It went against the grain for a gritstone climber to approach a route with mud curling round the toes of the battered old EBs. But this was Baggy on a sea-misty morning and the top of a route called Ben-smiling Ben Wintringham’s route. Marion is the name of a friendly crack in the same slab and named for his wife. But all this pleasantry from me is simply delaying my recall of the first fall of that Easter Day,backwards from the muddy slope over the edge of the slab towards white foam shifting uneasily round a wet platform 130' below.
What anchored me to earth seemed a chain of increasingly thin things: descendeur, rope, Krab, sling and stake in the sloping mud. In pulling down the ropes it would have been impossible to have avoided them falling into the big sea-salty pool. Feet and hands on the first holds were wet too. Really, flippers seemed more suitable.
An applause of spray agreed. But the clammy crack hid sharpness for fingers and pinched feet until friction- even better than gritstone - emerged above the level of high-tide sea spray. Mist still hid Lundy and its familiar Old Light.
A hundred feet up I came to an impasse, thankful for a small Friend and a big one below. Big Tim-Noble by nature as well as by name- came up to solve the problem, laybacking past my ear up the parallel sides of a mud-smeared groove.
Trying it Tim’s way I had to agree with him that, yes, there were finger
pockets, yes, in fact, the feet do stay put on the inside of the groove, and yes, I could see now that there were big holds to the top.
This second fall of the day was a moral one. A bite of a Friend offered a belay and I took the way out of the forbidden fruit - a climber who stopped climbing belayed below the crux of a Hard Severe! The third fall of the day brought me even lower psychologically, but it also brought me onto a redeeming slab of brilliant white rock, the journey up which is paradise regained. What could be more kinky than the start of Kinkyboots: forcing yourself to fall, hands outstretched, across a black greasy pit where the sea at high tide surges slobbering, white and green? Everything tells you not to. Yet you have to make that fall to find the long exquisite slab of light.
‘It’s out of condition!’.... I had tried whilst Tim made his unhesitating preparations. ‘We’re not going to do this route today, are we?’ was my final attempt. Tim was so tall that he could make that fall, place a Friend up under a loose leaf of slate and push back upright again to walk down a few feet and lean across for The Move opposite The Hold. I watched him pull across and then up through the layers of little overhanging pieces of slatey blocks with the concentration of one about to pick his way through purgatory. When it came to my turn I studied the greasy sloping faces that were footholds on the other side. I seemed to have stood staring and muttering ‘I hate this kind of thing,’ for a long time.

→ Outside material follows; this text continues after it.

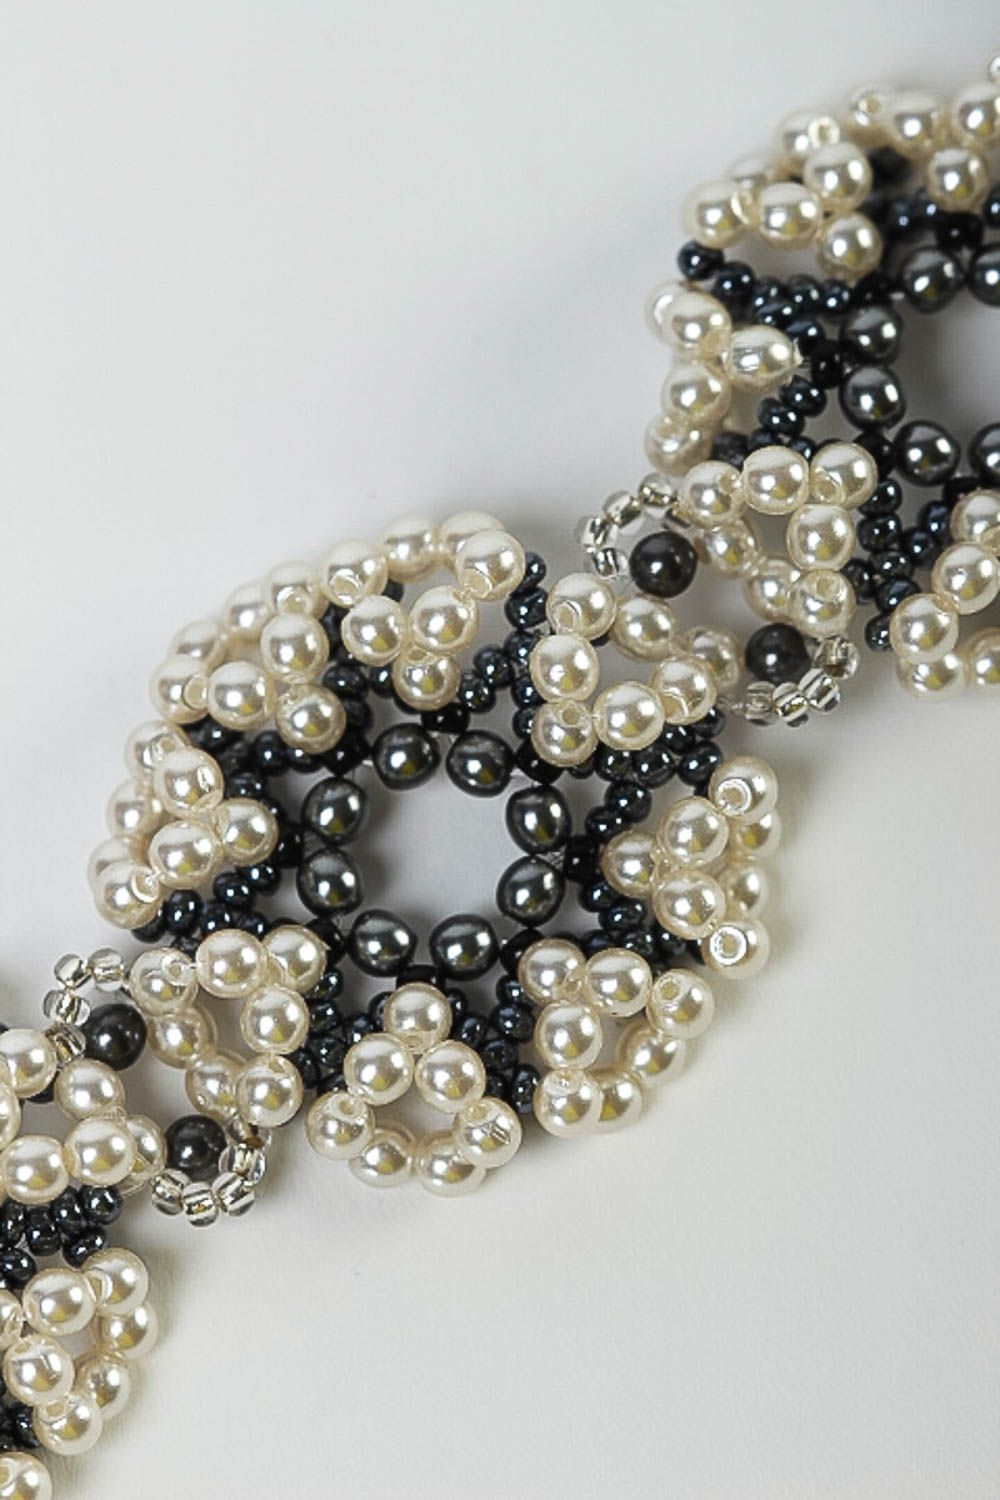 White and blue beads floral handmade bracelet for women photo 4
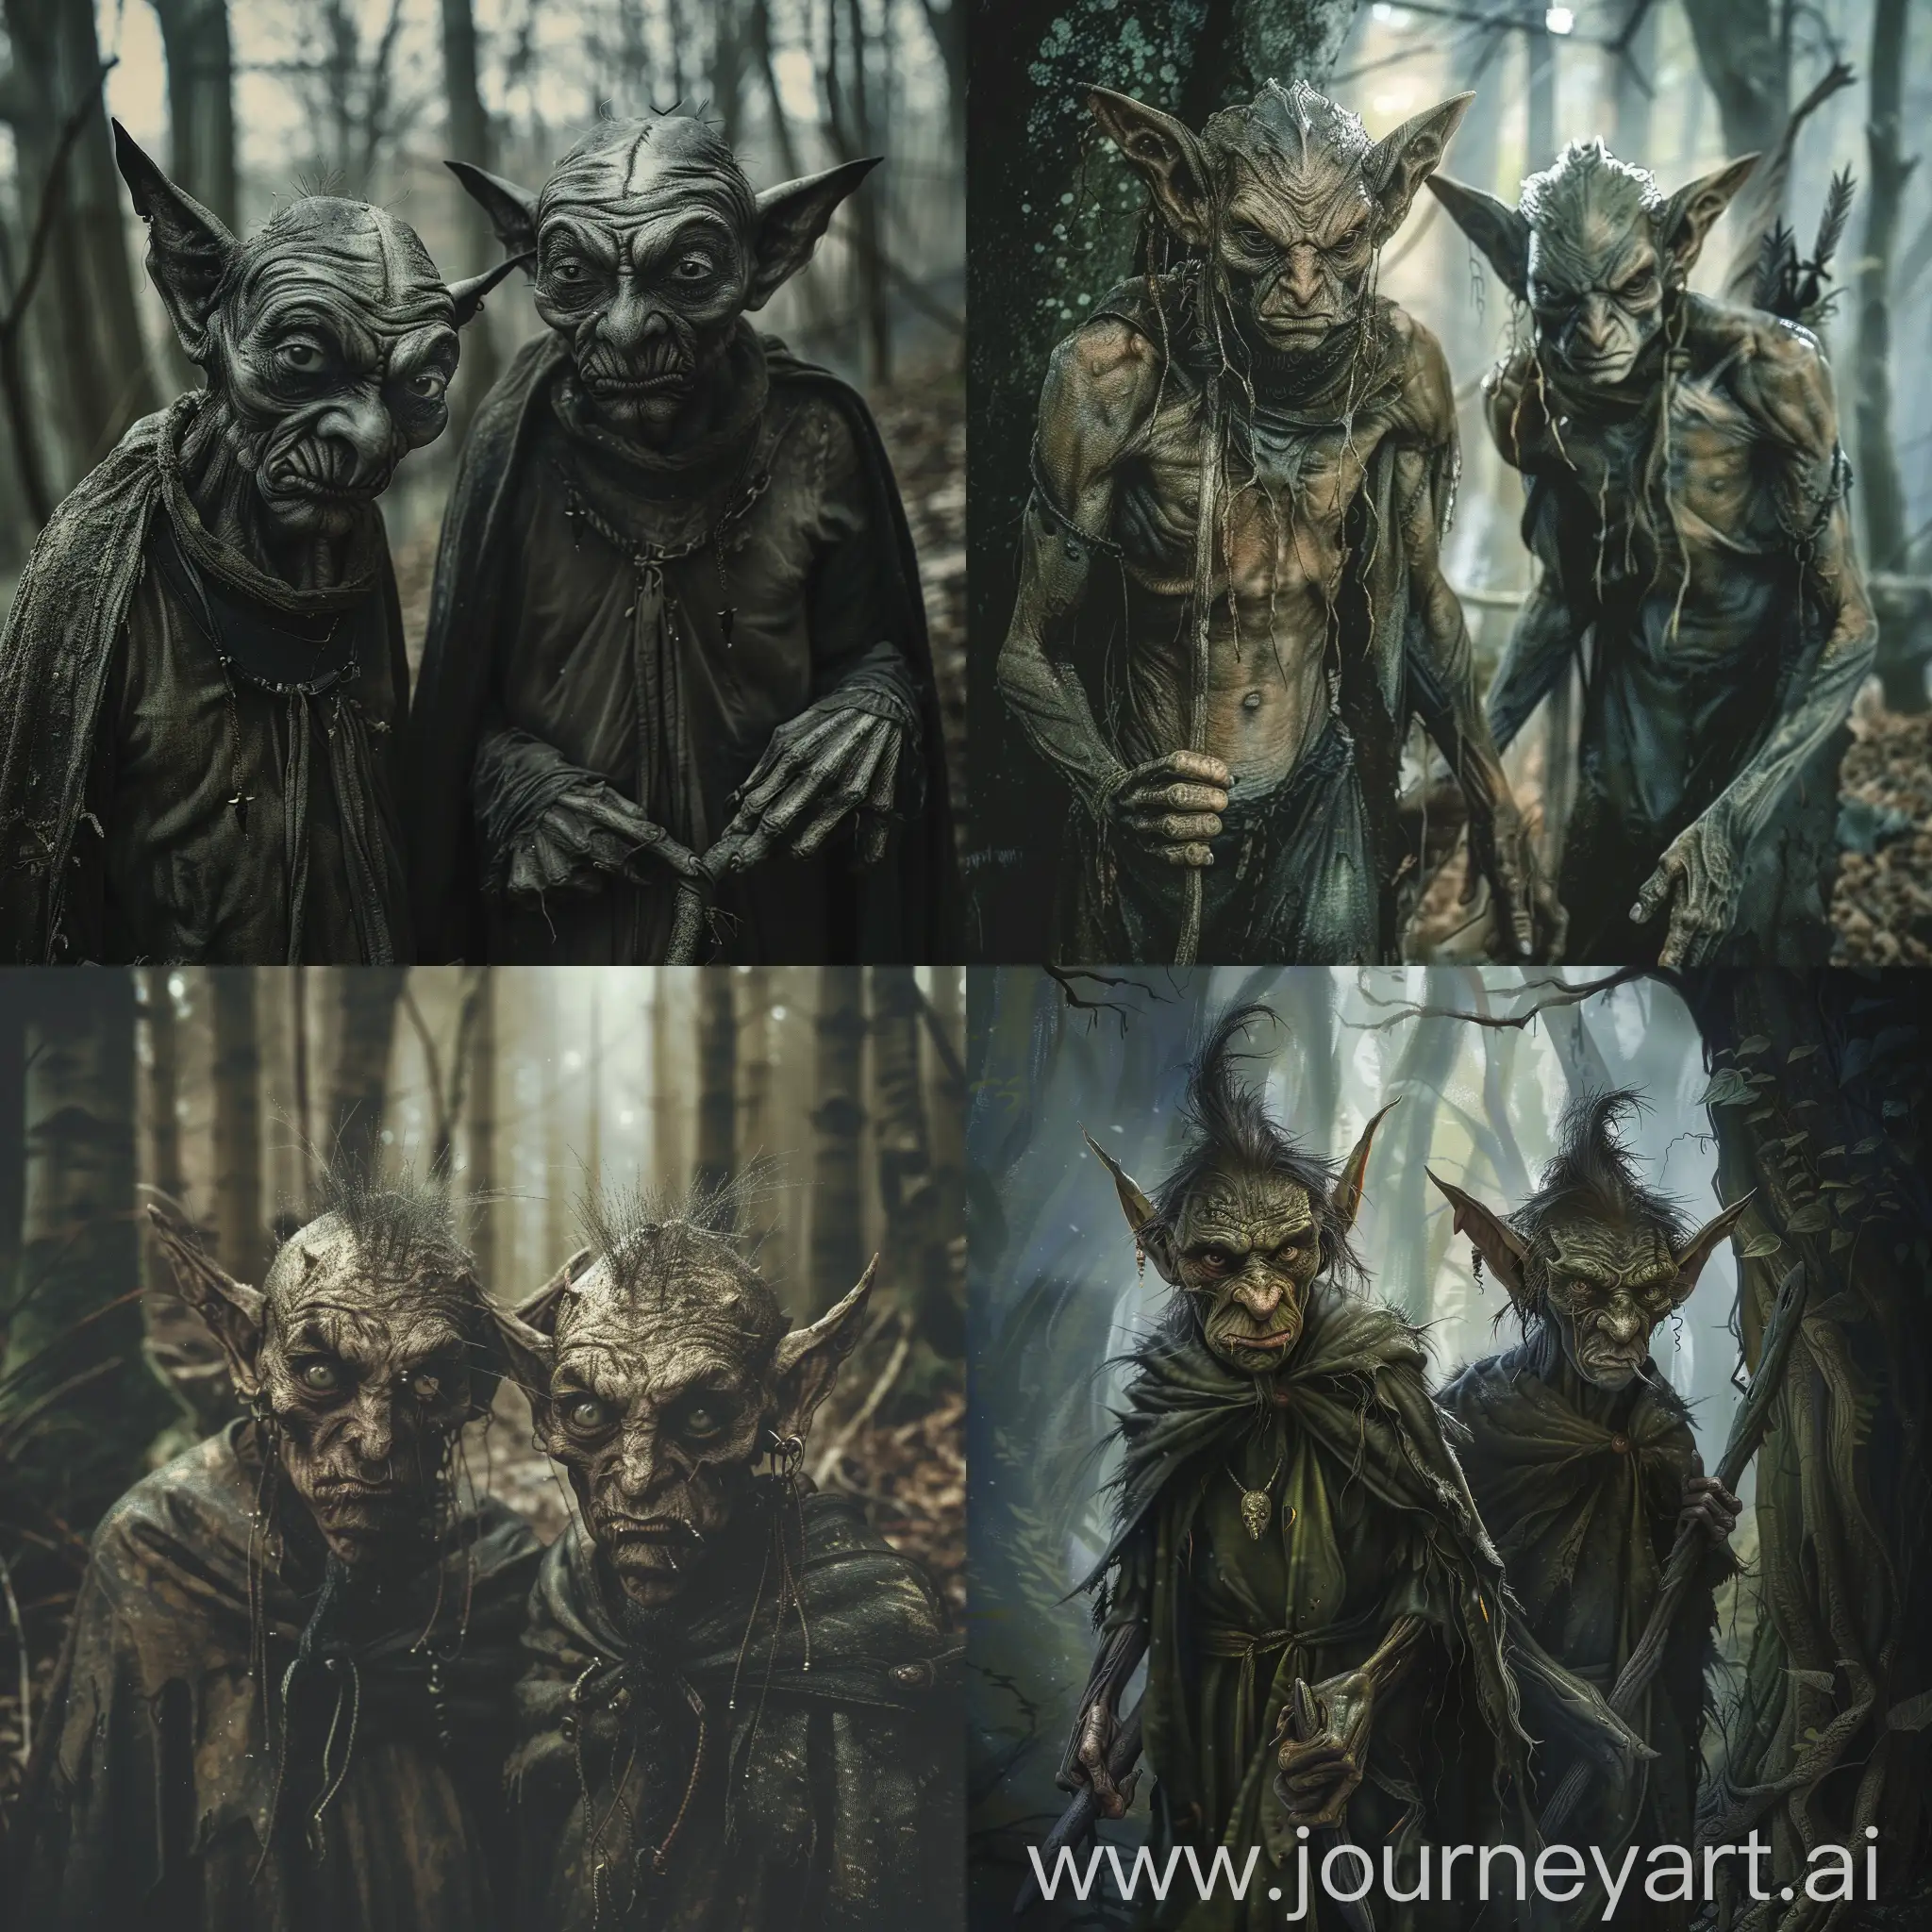 Eerie-Encounter-Dark-Fantasy-Scene-with-Two-Half-Elves-in-the-Woods

When eventually I fell across and took out the Friend I found that I couldn’t push back. Now really on the rack. I had to walk hands and feet down at full stretch to find The Hold to pull across on. When I moved I moved fast and picked the right slots over the blocks to rest in balance at the peg before the acid test. Tim had left a long sling from a tiny brass nut in the crack round the overhang in which you’re supposed to finger-jam. In the event I pulled on the jug on the lip, got a right knee in the sloping V-groove and, with great physical and moral effort, avoided touching the long sling. I grabbed the krab instead. Out of the darkness into the light! Only one or two stances on only the best of routes provide that equal balance between relief and anticipation. As you look up the slab you know it’s going to be good.
In fact it is such a journey of discovery that it deserves not to be over-described. I’ll only say that, searching for the way, you find a fascinating variety of rock formations, textures and colours. It a much more interesting pitch than anything on Pink Void, which in comparison seems over-rated.
Indeed if, after the fall, you ascend the gleaming slab of Kinkyboots in one pitch, you’ll generate a relationship with rock forms and textures that is a re-affirmation of what rock climbing is about...... But only after The Fall.